I agree with the first part but not the second. As for the latter, if Randy Holland got to write the opinion, I bet he would. Indeed, about 5 years ago or so, I heard Holland give a speech from which I inferred that he thinks 102(b)(7) would not have saved the Trans Union board.
As to the first part, I observed in my Corporation Law and Economics treatise that:
.... notice that the statute apparently distinguishes self-dealing (“improper personal benefit”) from the duty of care. Given Technicolor’s conflation of loyalty and care causes of action, plaintiffs can end-run § 102(b)(7) provisions by characterizing their claim as a loyalty violation. Interestingly, Chancellor Allen has suggested that Van Gorkom itself can be interpreted as a loyalty case.[1] Similarly, the Delaware supreme court has opined that Van Gorkom included a disclosure violation and implied that such violations have a loyalty component.[2] Ironically, a § 102(b)(7) provision thus might not have insulated the directors from liability in the very transaction that motivated the statute’s adoption.
[1] Gagliardi v. TriFoods Int’l, Inc., 683 A.2d 1049, 1052 n.4 (Del. Ch. 1996) (“I see it as reflecting a concern with the Trans Union board’s independence and loyalty to the company’s shareholders”).
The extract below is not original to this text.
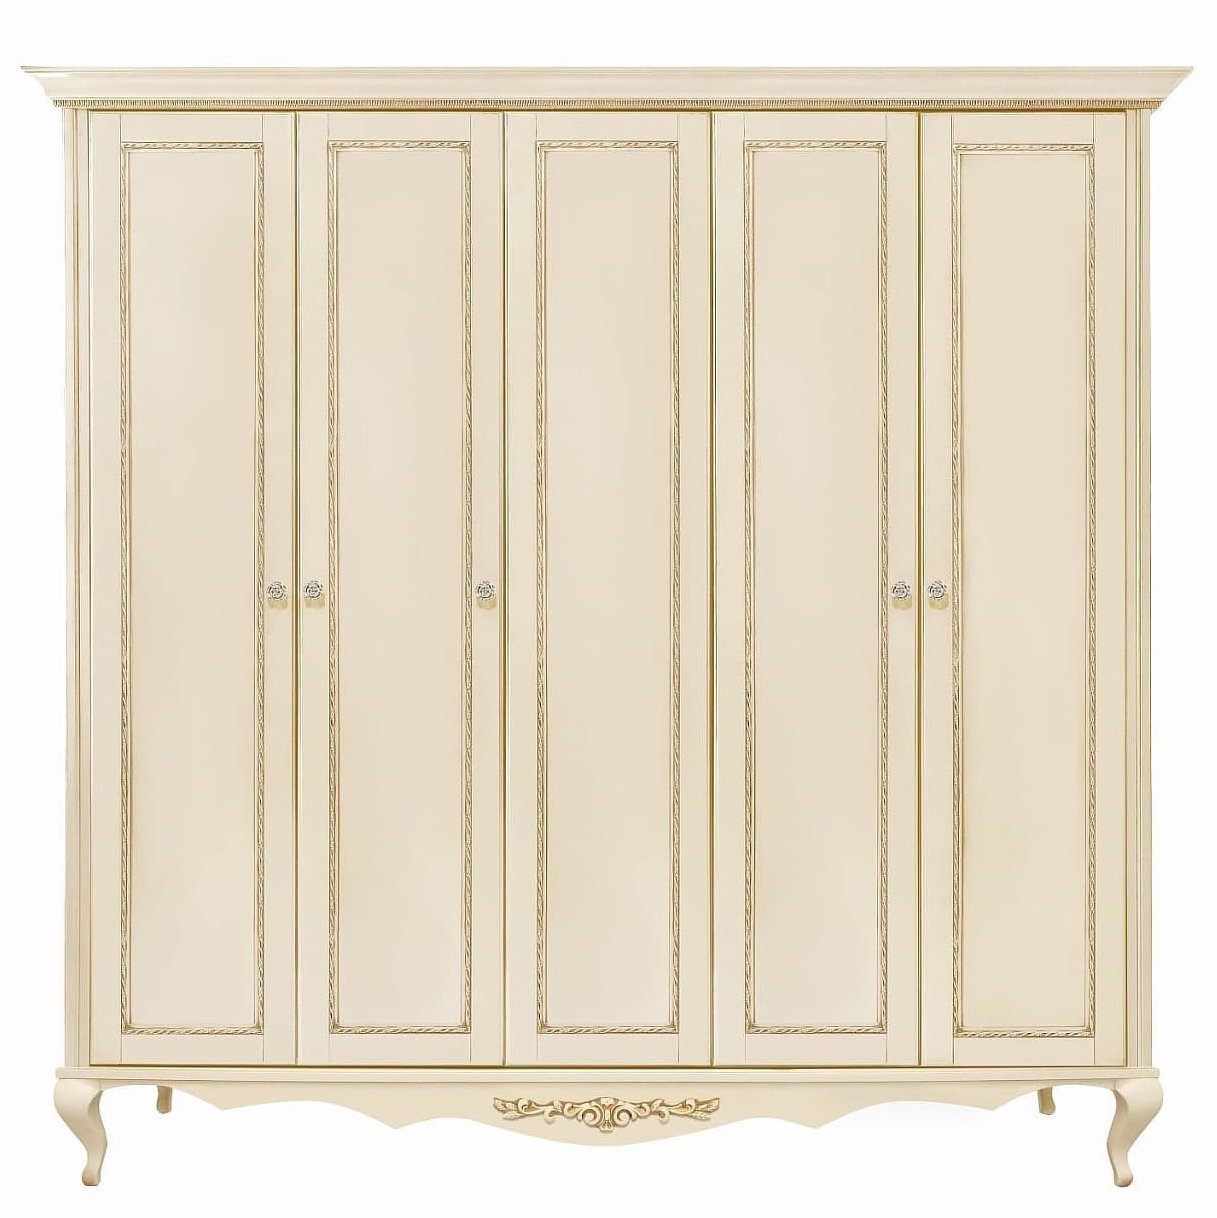 Шкаф платяной Timber Неаполь, 5-ти дверный 249x65x227 см цвет: ваниль с золотом (T-525Д)T-525Д

[2] Cinerama, Inc. v. Technicolor, Inc., 663 A.2d 1156, 1166 n.18 (Del. 1995) (“In Van Gorkom, it was unnecessary for this Court to state whether the disclosure violation constituted a breach of the duty of care or loyalty or was a combined breach of both since 8 Del.C. § 102(b)(7) had not yet been enacted.”). In addition, according to the Sixth Circuit, a § 102(b)(7) liability limitation provision may not insulate directors from duty of care claims based on intentional or reckless misconduct. McCall v. Scott, 250 F.3d 997, 1000-01 (6th Cir. 2001).